SSTable Data Format
|
Preview | Unofficial | For review only |
This page is the reference contributors need when debugging data corruption, implementing new cell types, or understanding how CQL values map to bytes on disk.
It covers the binary layout of Data.db in full, from partition headers through cell flags and collection encoding, and documents the metadata tables in Statistics.db.

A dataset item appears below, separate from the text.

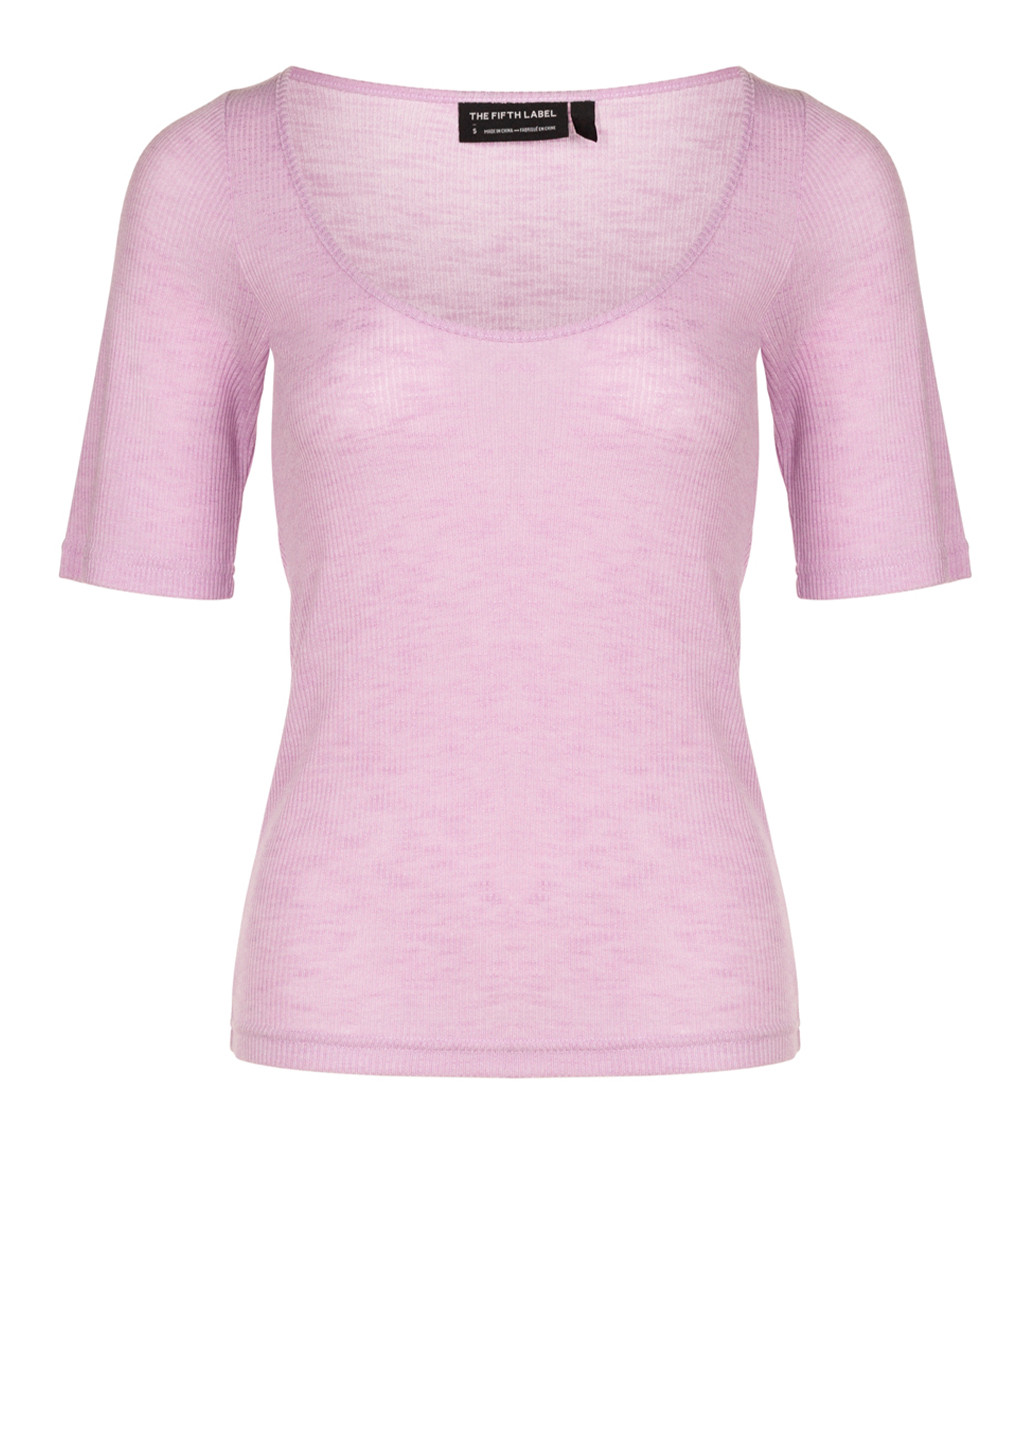 Бузкова літня жіноча бузкова футболка з коротким рукавом The Fifth Label

Readers working on compaction, repair, or a new storage engine feature will find the on-disk contract described here.
Source links point to the canonical Java classes so you can navigate directly to the serialization code.
Partition Layout in Data.db
Data.db is a flat sequence of partitions, written in token order (ascending by partition key hash).
Each partition is self-contained: a reader can skip from one partition to the next using the index in Index.db without parsing the interior.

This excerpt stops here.